David Felion v. NSK Corporation (April 29, 2011)

David Felion v. NSK Corporation (April 29, 2011)
David Felion Opinion No. 10-11WC
v. By: Phyllis Phillips, Esq.
Hearing Officer
NSK Corporation
For: Anne M. Noonan
State File No. Z-00213
Pursuant to 21 V.S.A. §651, Defendant moves for a credit or offset against future workers’ compensation benefits owed to Claimant. The motion stems from Defendant’s error in prematurely applying a cost of living increase to Claimant’s compensation rate, and then carrying that error forward through subsequent years.1 The resulting overpayment totaled $3,791.12.
Defendant now seeks approval to offset the amount it overpaid from any future workers’ compensation benefits it might owe.

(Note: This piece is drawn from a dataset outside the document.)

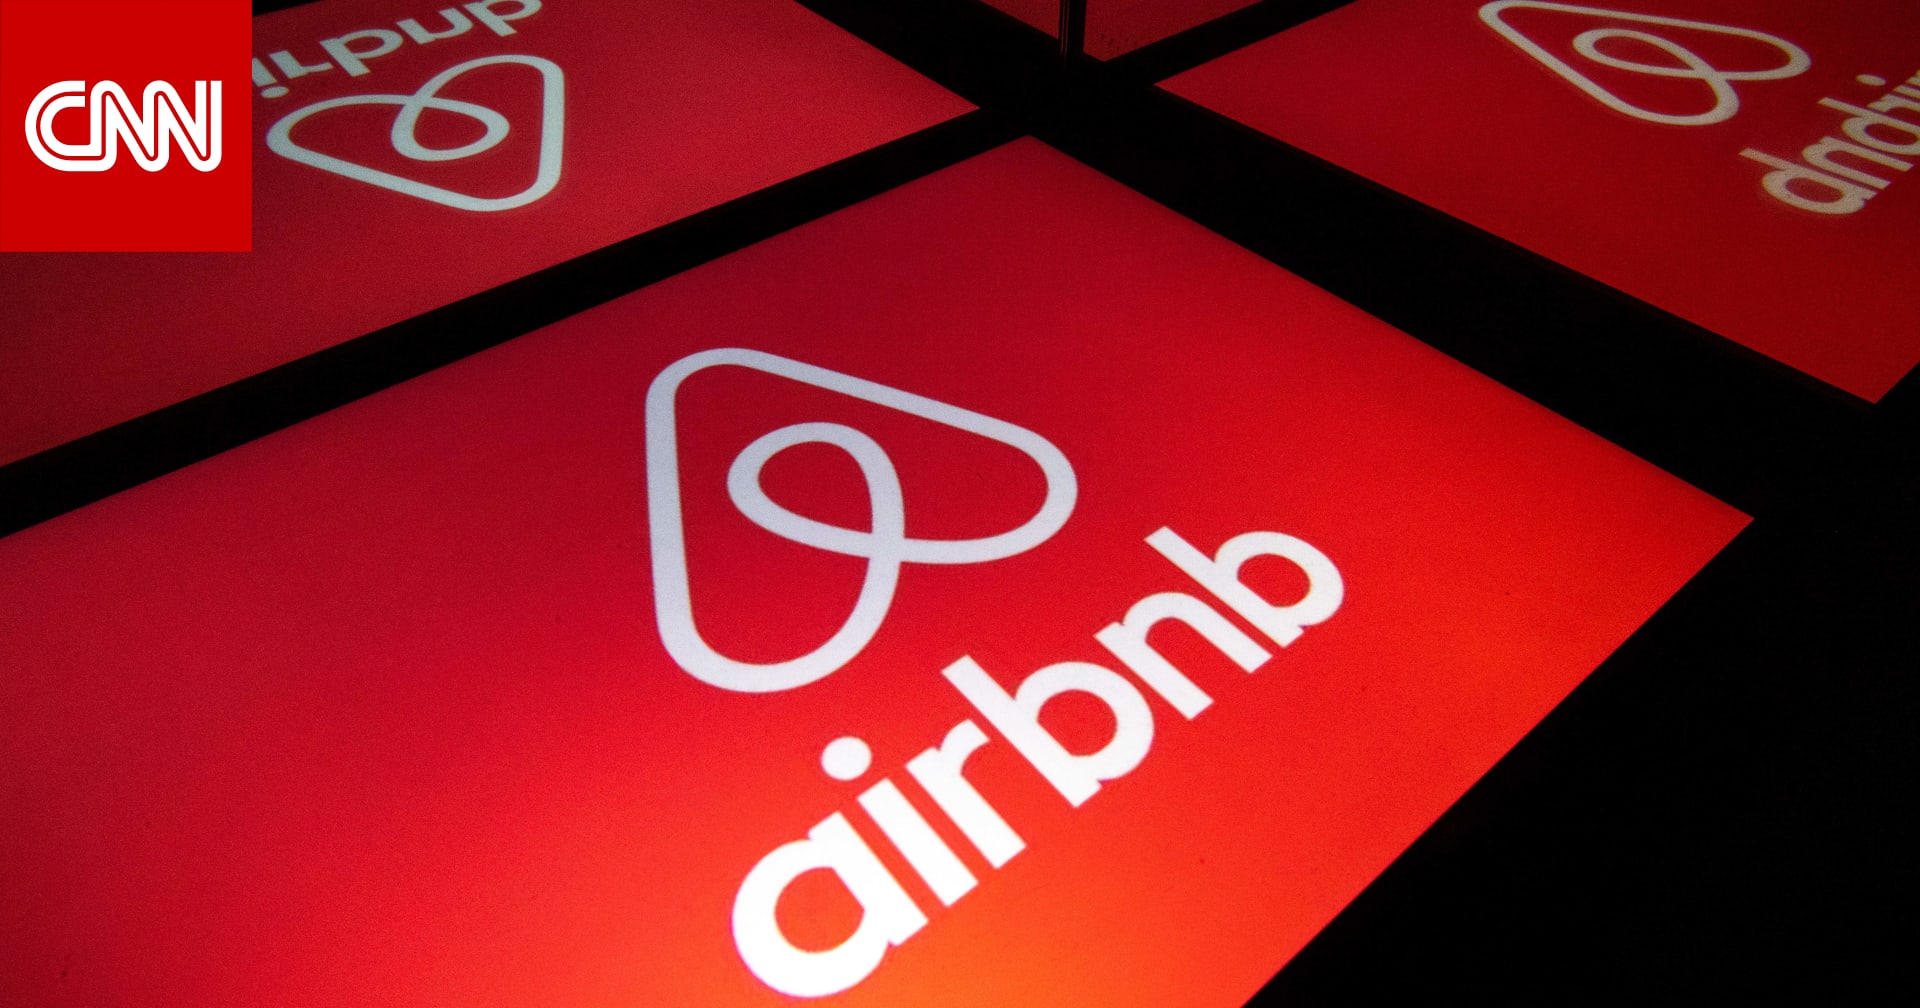 بعد شكاوى المستخدمين من الرسوم المخفية.. Airbnb تعلن أنها ستجعل أسعارها أوضح

It characterizes its error as “excusable oversight,” which even the Department failed to detect and correct.
Claimant acknowledges that he was overpaid, but argues that because the error resulted from Defendant’s carelessness, it should not be allowed to recoup the loss. Claimant also asserts that he lacks the ability to repay the overpaid benefits, and that requiring him to do so would cause him undeserved financial hardship.
The applicable statutory provision, 21 V.S.A. §651, states:
§651. – Voluntary payments
Payments made by an employer or his insurer to an injured worker during the period of his disability . . . which, by the provisions of this chapter, were not due and payable when made, may, subject to the approval of the commissioner, be deducted from the amount to be paid as compensation.

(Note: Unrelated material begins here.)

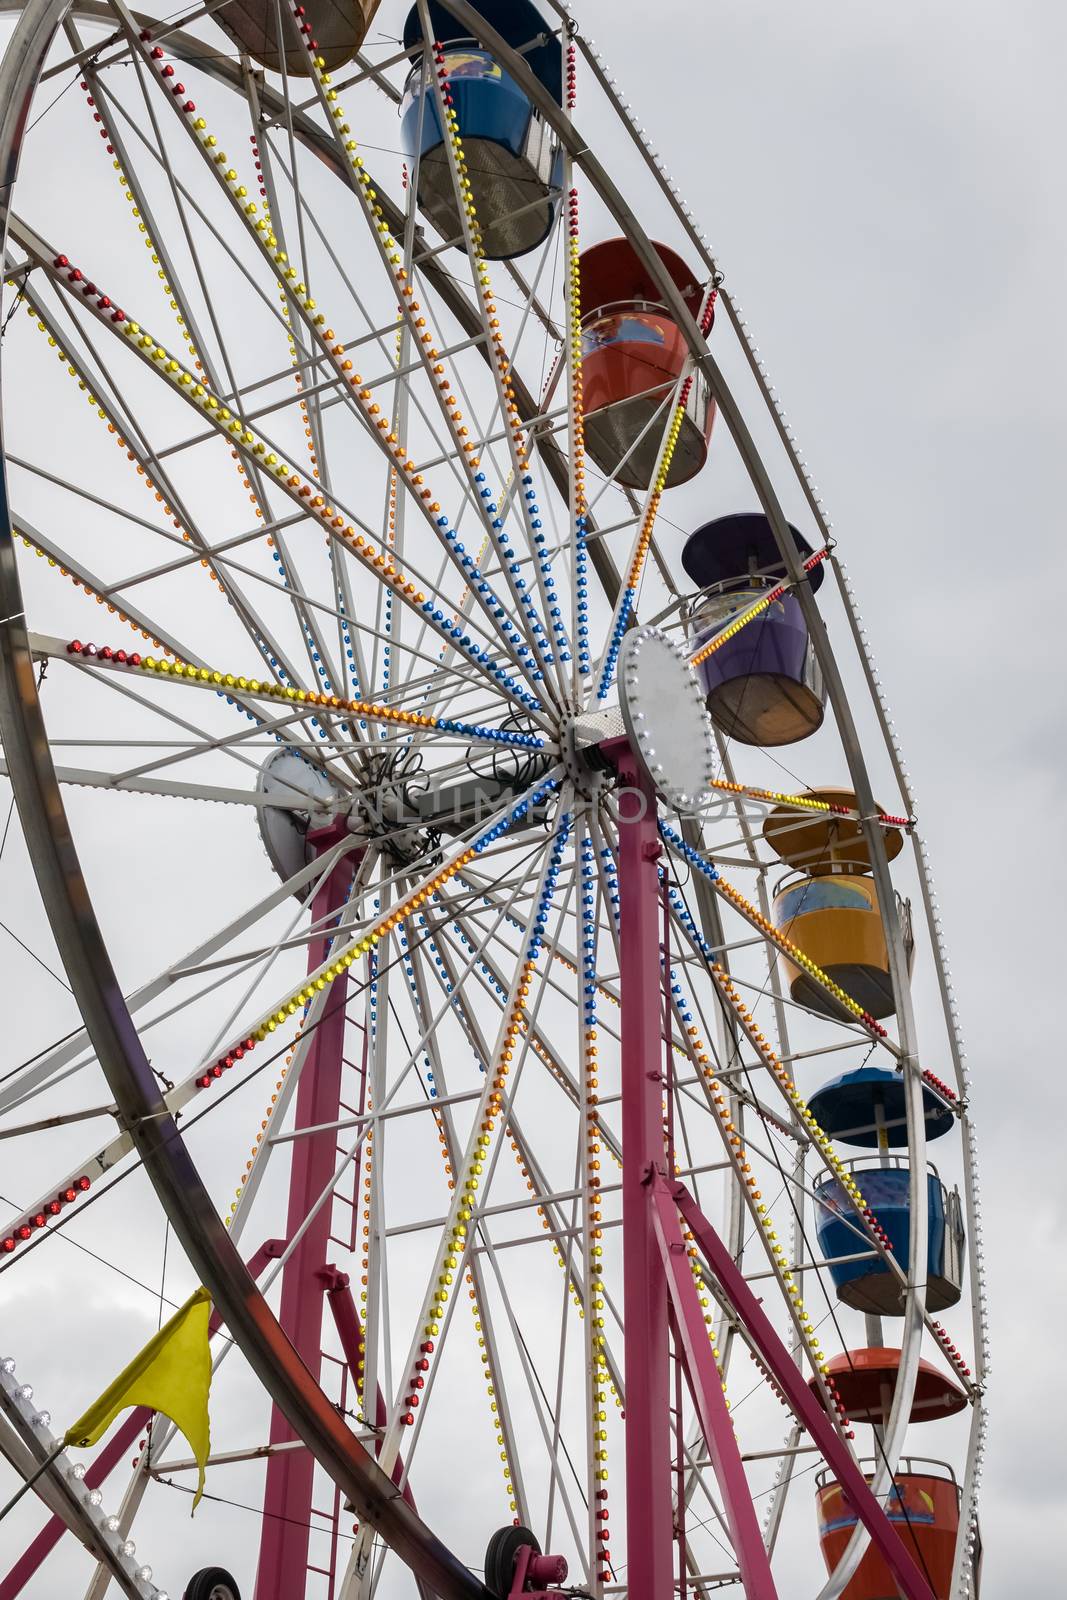 A colorful Ferris Wheel at a country fair

1 Claimant’s injury occurred on July 10, 2007. According to 21 V.S.A. §650(d), his compensation rate should not have been adjusted for cost of living until July 1, 2008. Defendant’s adjuster mistakenly adjusted it retroactively to July 1, 2007, however, and the Department failed to catch the error.
Based on the circumstances presented here, I conclude that it is appropriate to allow the offset Defendant seeks. Defendant’s error did not evidence such a degree of careless or negligent claims handling practices as to disqualify it from receiving an offset, cf. Blais v. Church of Jesus Christ of Latter Day Saints, Opinion No. 30-99WC (July 30, 1999), particularly in light of the fact that the Department also failed to detect the mistake. Rather, it is the type of error that the statute grants the commissioner discretion to correct. See Bishop v. Town of Barre, 140 Vt. 564, 579 (1982).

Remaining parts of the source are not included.